APC05 ATTENTIONAL BIASES AS A CORRELATE OF CHILDHOOD TRAUMA IN PEOPLE WITH FIRST EPISODE PSYCHOSIS
Sarah Bendall
There is tentative evidence of an association between childhood trauma (CT) and psychosis and it has been suggested that this relationship may be mediated by post-traumatic stress disorder (PTSD). Selective attention to trauma-related information has been found to be a core cognitive abnormality in people with childhood trauma-related PTSD. It is possible to speculate that, if the positive symptoms of psychosis are an intrusive posttraumatic symptom in some people, then those people will exhibit an attentional bias to trauma-related information in the same way as those with PTSD.
Aims: The current study, which is in progress, aims to test this theory.
Methods: Young people aged between 15 and 29 years with either first episode psychosis or no psychiatric disorder were assessed for PTSD symptoms, psychotic symptoms, and CT. They carried out an emotional Stroop test to measure selective attention, in which words of different emotional valence were presented. Participants were asked to name the colour of a presented word without taking account of the meaning of the word. Words were presented in the following categories: neutral (e.g., socks), positive (e.g., smile), negative (e.g., miserable), threat (e.g., spy) physical abuse (e.g., punched) sexual abuse (e.g., molested), emotional abuse (e.g., snigger), and neglect (e.g., lonely). The time taken to colour-name indicated the degree of attentional resource the word meaning required.

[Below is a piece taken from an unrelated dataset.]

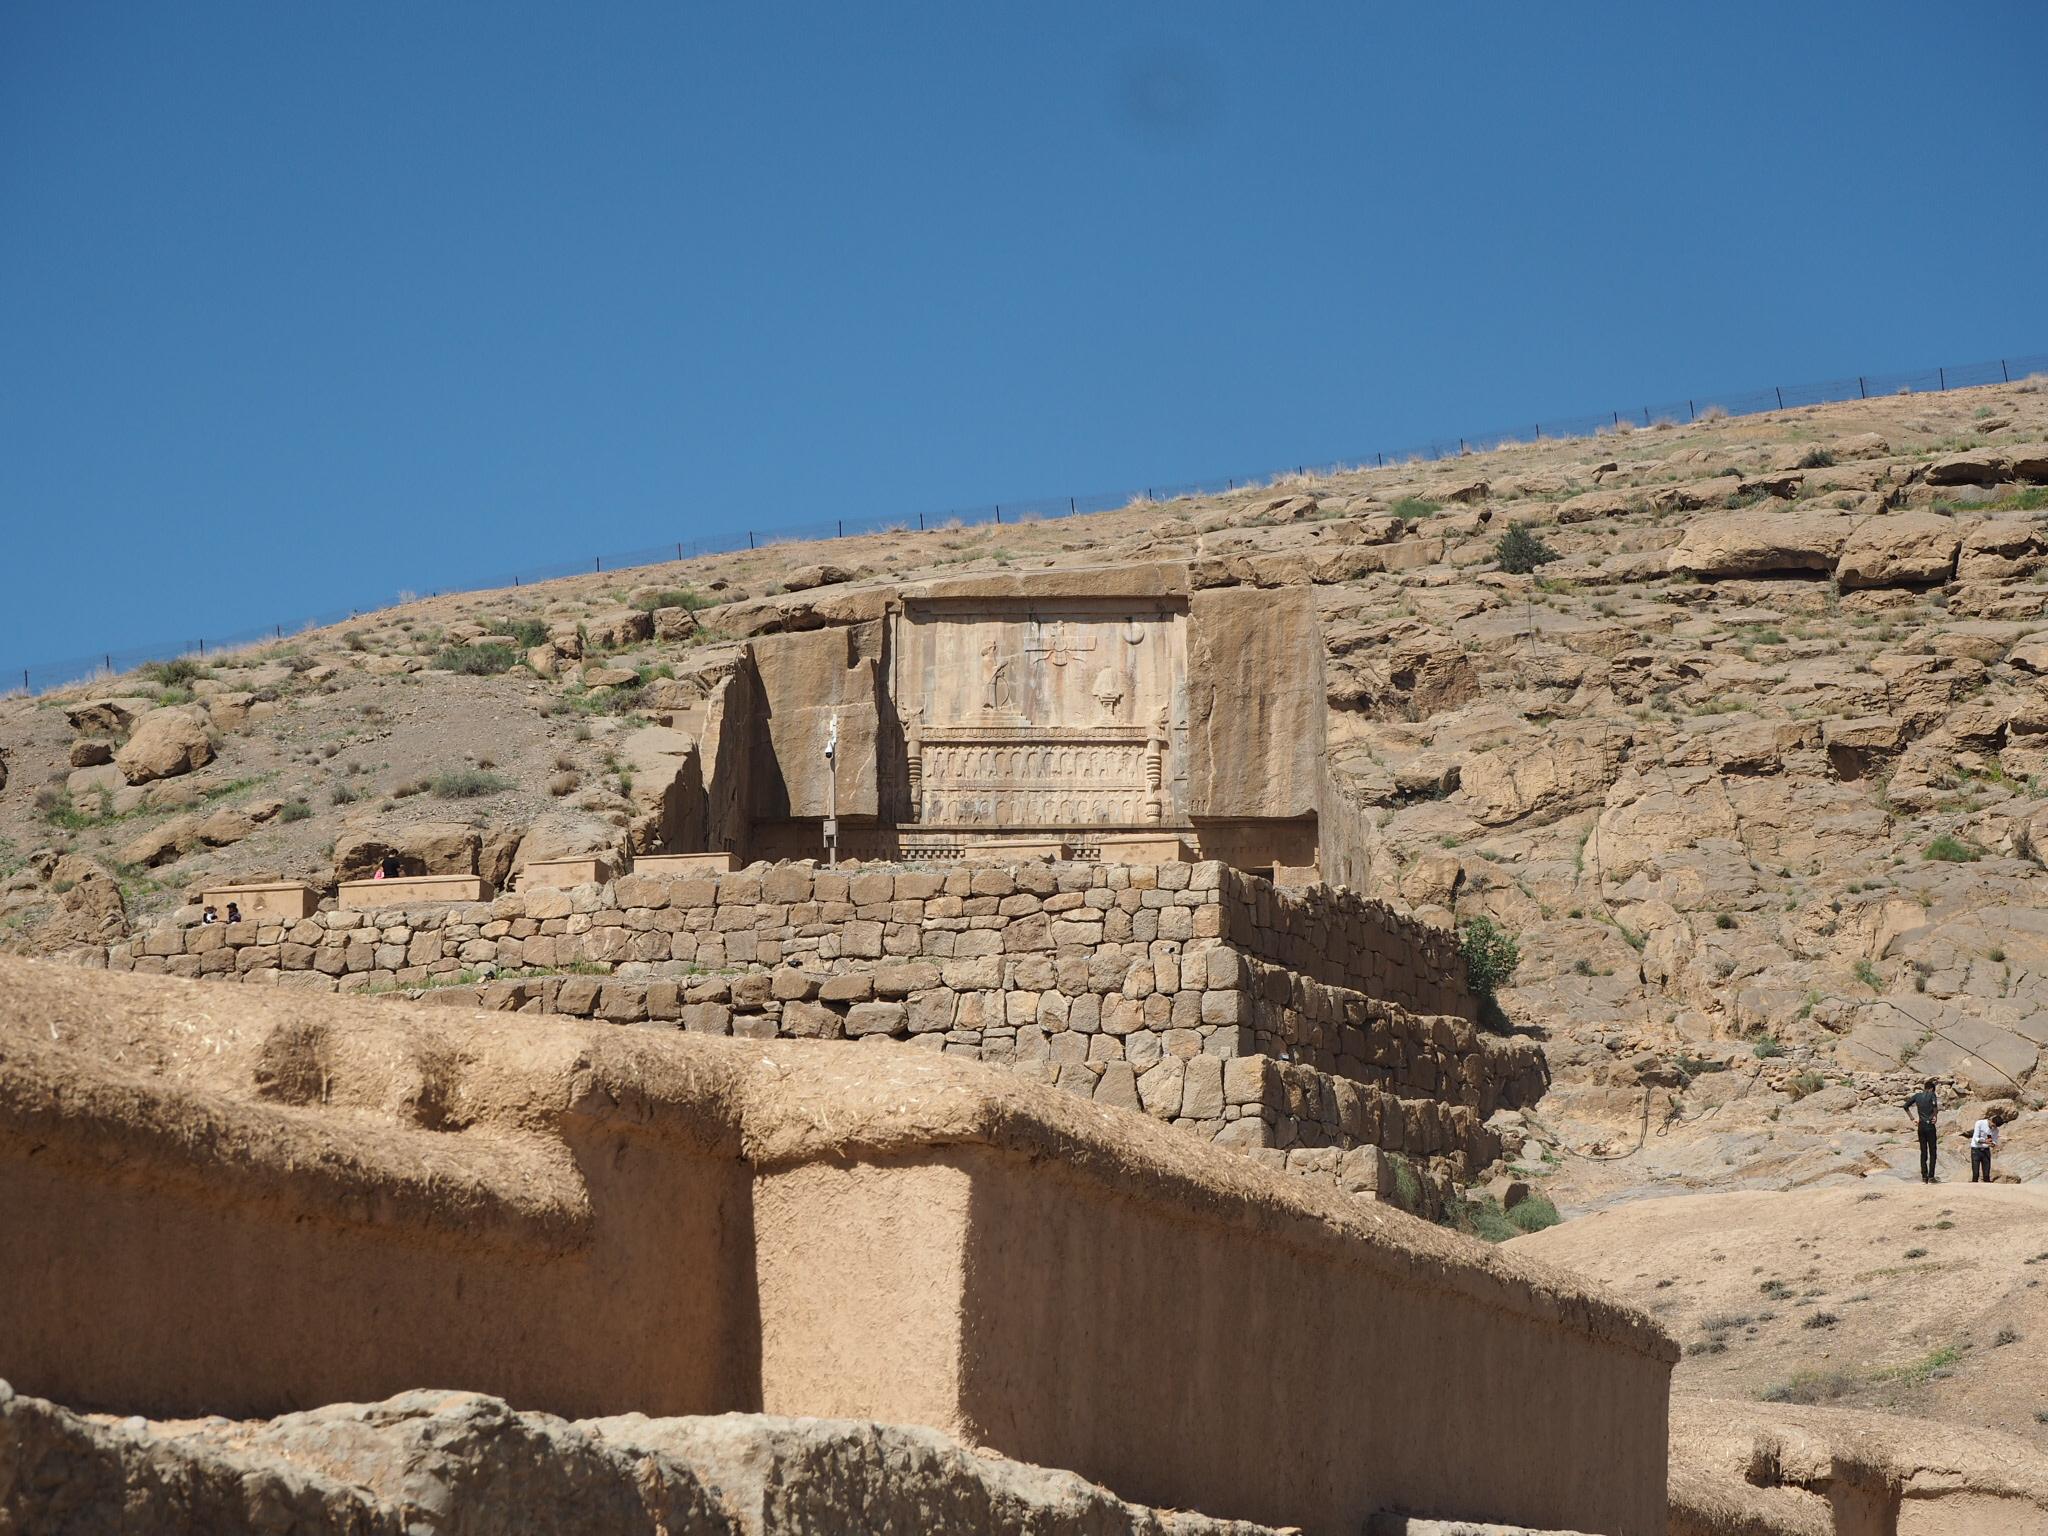 Gruzja-Armenia-Iran-Stambuł. Dzień 11: Persepolis 11

Results: will explore the relationship between CT, attentional bias, positive psychotic symptoms and PTSD symptoms.
Conclusions: The results will be discussed in light of theories of CT and psychosis.

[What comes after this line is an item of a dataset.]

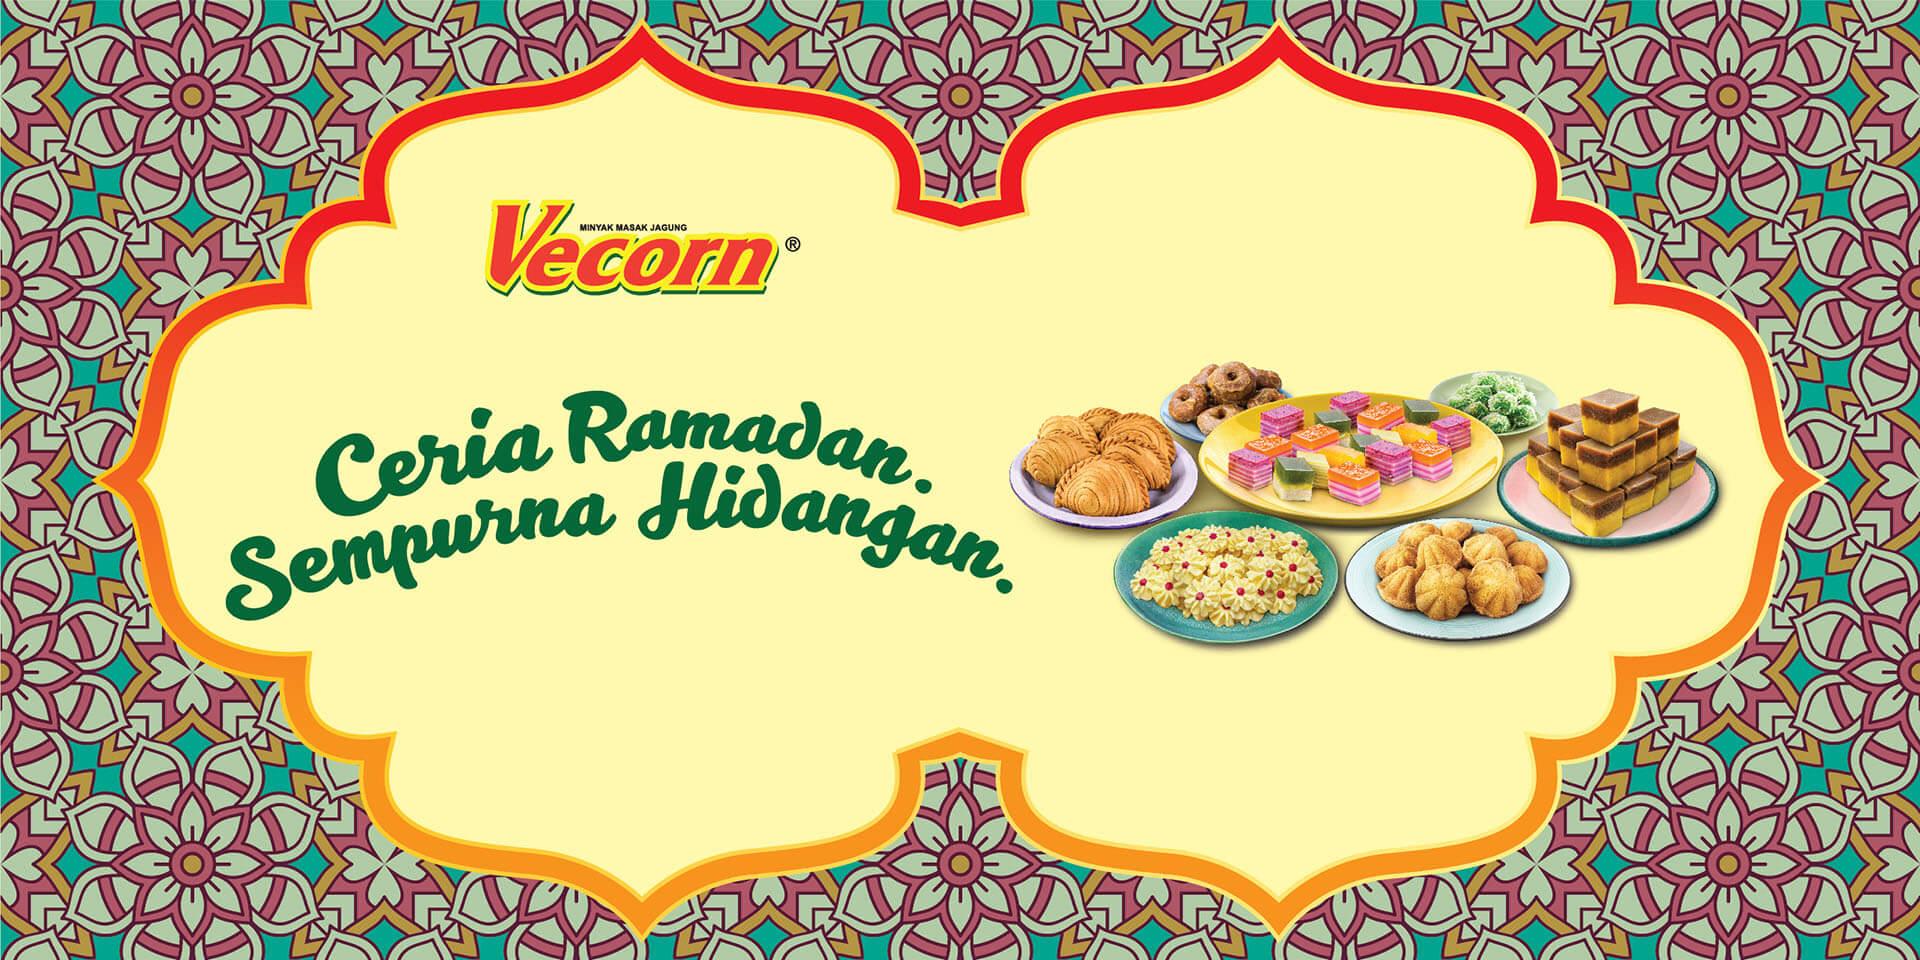 Vecorn

APC06 CONFIGURAL FACE PROCESSING IN SCHIZOPHRENIA
Nicole Joshua
Introduction: Schizophrenia patients have consistently shown deficits in facial emotion processing. Much of this research has failed to investigate whether underlying visual perception problems with face processing are responsible for higher-order emotion processing problems. There is evidence to suggest that schizophrenia patients may have problems integrating features into perceptual wholes using configural information.
Aim: To examine the impact of spatial configural alteration on face perception.
Methods: 23 schizophrenia patients and 20 age, gender and IQ-matched healthy control participants completed a fractured faces task. Participants were shown a series of famous faces and were required to name the identity of each face. Initially these faces were presented ‘fractured’, as if a photo was cut into pieces and spread apart. This allowed the features of the face to remain whole, however, alter the internal spatial configuration between the features. Participants were then shown the faces ‘intact’. A difference score was calculated based on the number of correct responses for intact faces minus those for fractured faces.
Results: Overall there was no significant differences in the number of correctly recognised ‘intact’ faces between groups. Interestingly, healthy control participants showed a greater difference between fractured and intact face recognition than schizophrenia patients indicating they were more impaired by configural disruption.
Conclusions: This finding suggests that disruption of configural face information has more of an impact on healthy control participants than schizophrenia patients. Therefore schizophrenia patients may rely less on configural information for face recognition, indicating different visual processing styles compared to healthy control participants.